= LaFayette Central School District =

School district in New York, United States

LaFayette Central School District is a school district headquartered in LaFayette, New York.

The district, within Onondaga County, includes most of the Town of LaFayette, plus portions of the towns of Onondaga and Tully. It includes the Onondaga Reservation and a portion of the Nedrow census-designated place.

==History==

High school instruction in the town of LaFayette began in 1889, and the school received full state accreditation in 1921. The LaFayette Central School District was formed in 1937 through the merger of the LaFayette Union Free High School with several smaller local schools. Additional nearby districts joined the consolidated district in the years that followed.
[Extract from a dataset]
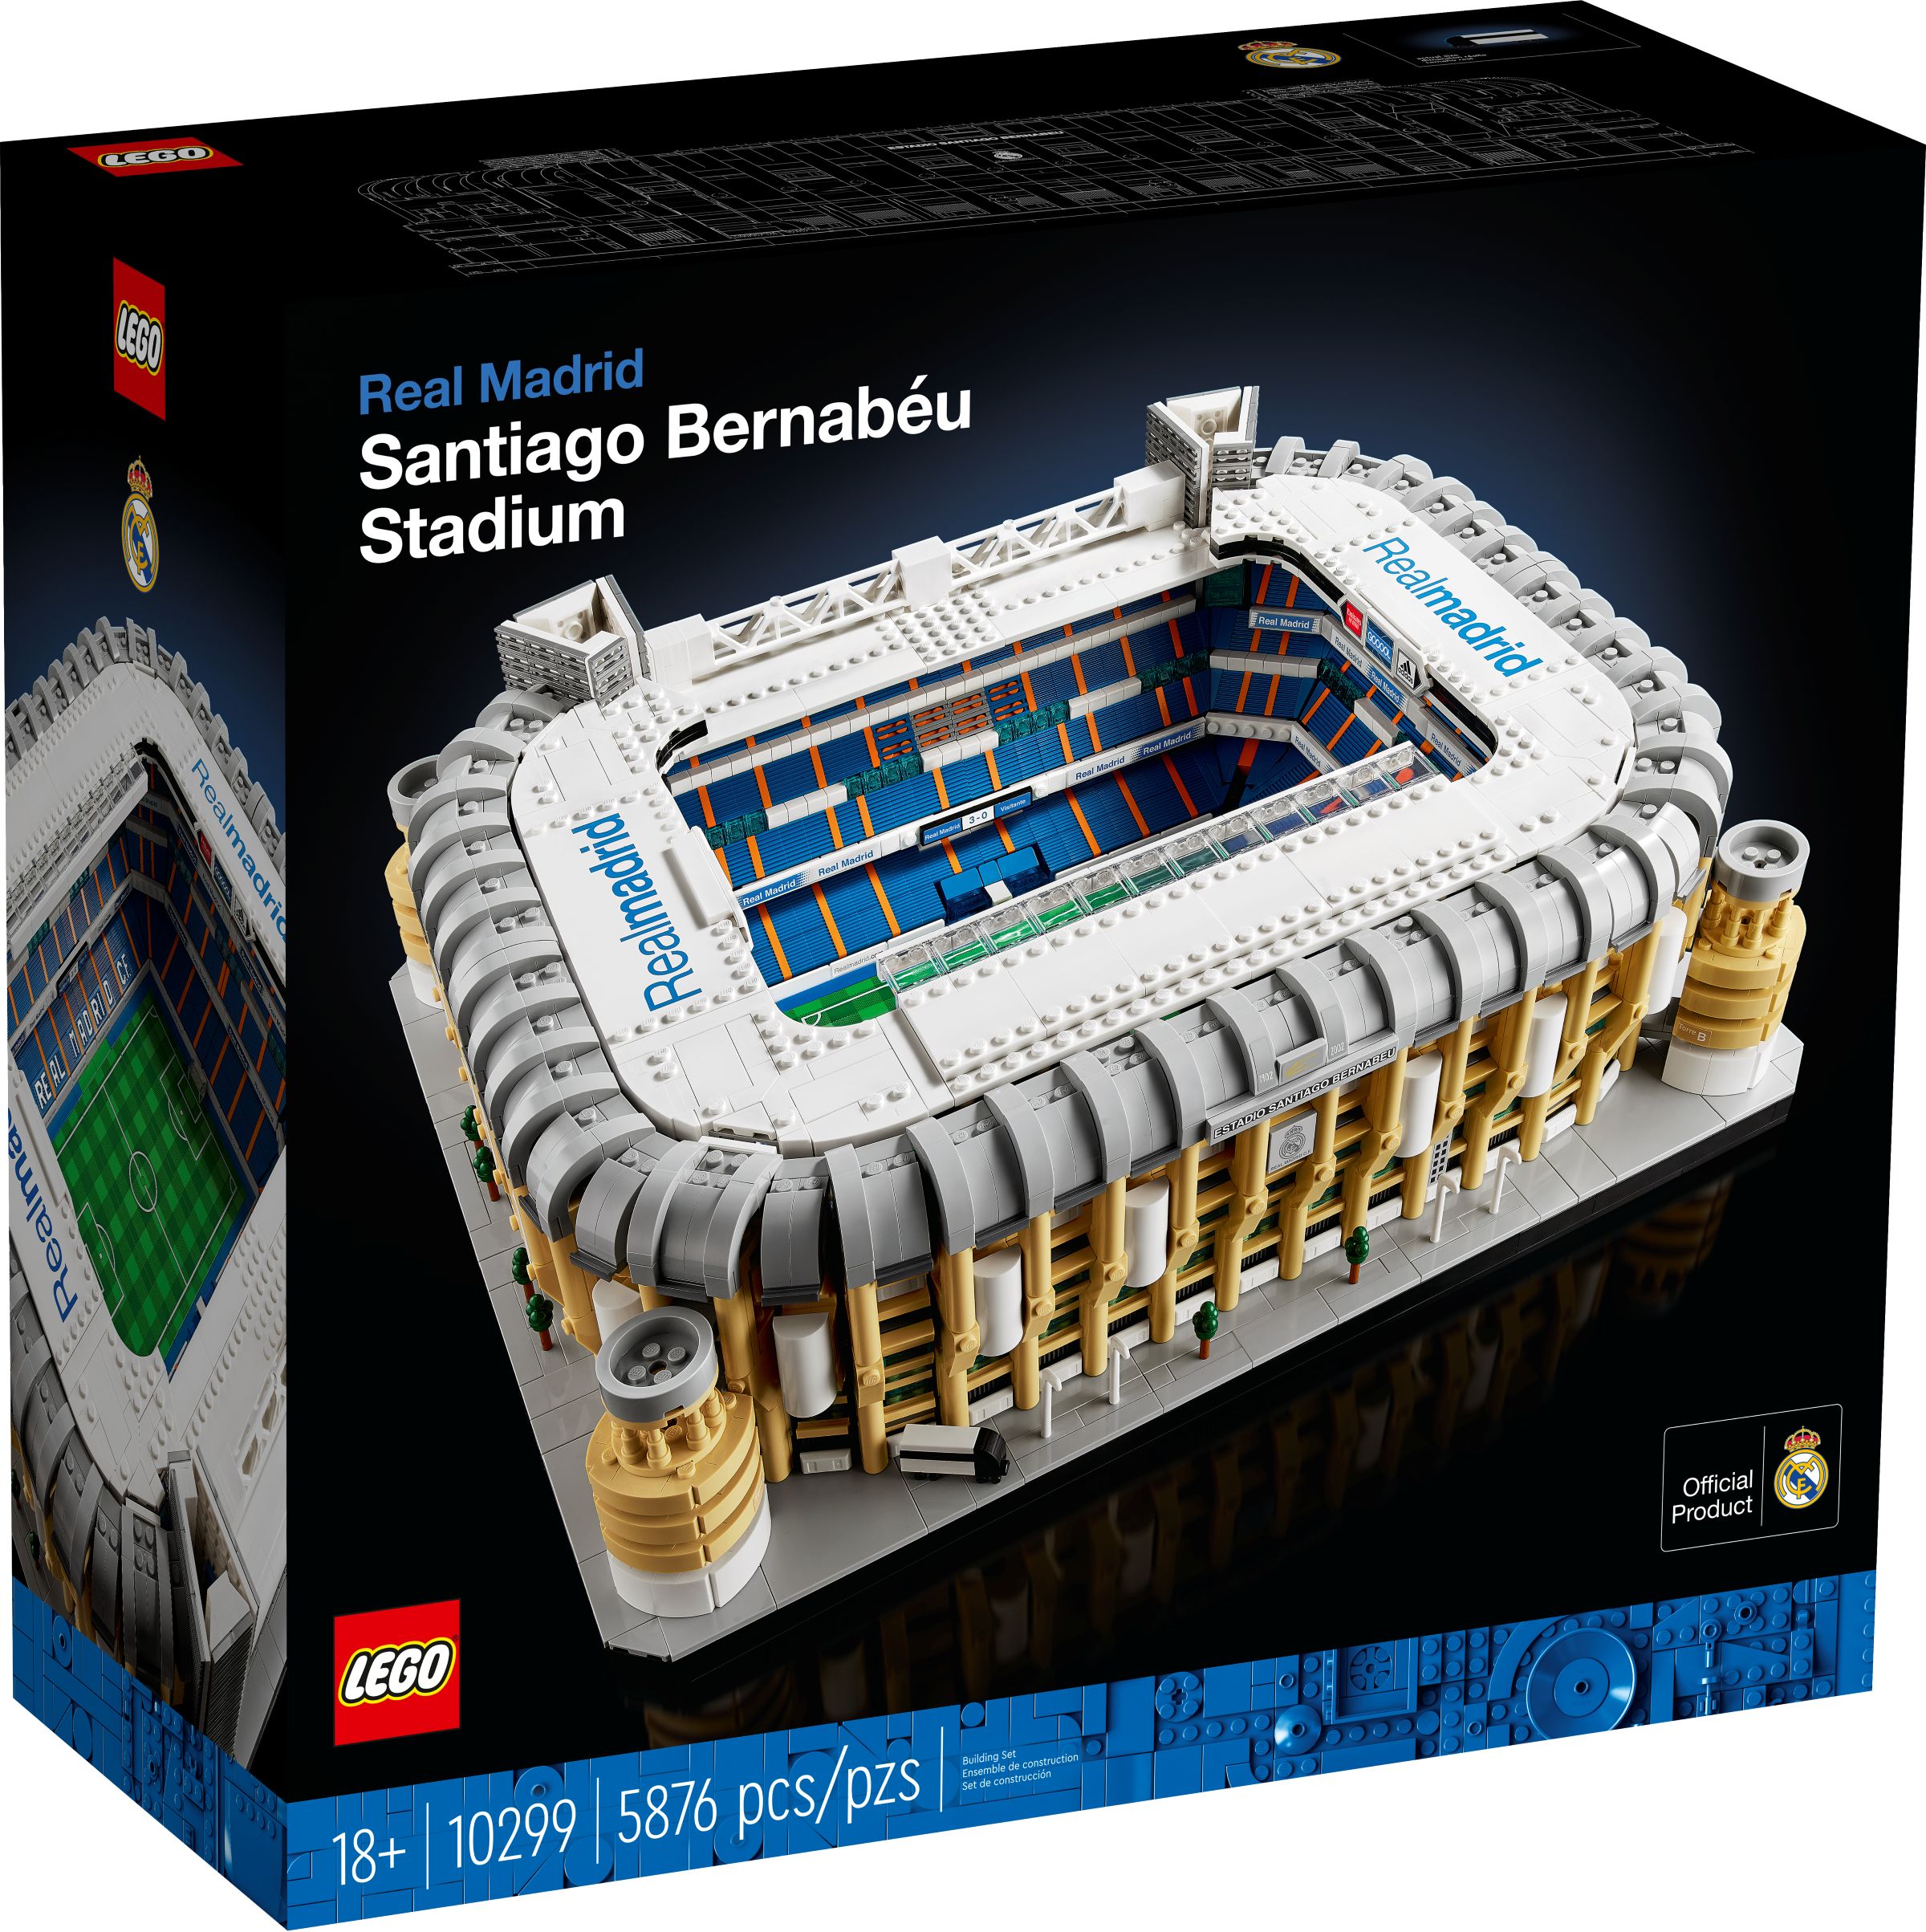 LEGO Advanced Models 10299 Real Madrid - Santiago Bernabéu Stadion LEGO_10299_alt1.jpg

In 1954, the New York State Education Department requested that the district integrate the Onondaga Indian Reservation School, bringing students in grades 7 through 12 from the reservation into the main LaFayette school building.

Laura Lavine was superintendent until her retirement on June 30, 2024. Jeremy Belfield replaced her as superintendent.

In 2021, Belfield, along with the superintendent of the Salmon River Central School District, asked Governor of New York Kathy Hochul for state funding to repair elementary schools which have indigenous populations, including the elementary school on the Onondaga Reservation.

==Schools==
- LaFayette Junior/Senior High School
- Grimshaw Elementary School
- Onondaga Nation School (K-8 school)
  - The State of New York owns the building and authorizes repairs, while the school district staffs the building and provides operational services. The state government contracts with the school district. The curriculum includes the Onondaga language and culture, and adheres to the guidelines of the New York State Education Department.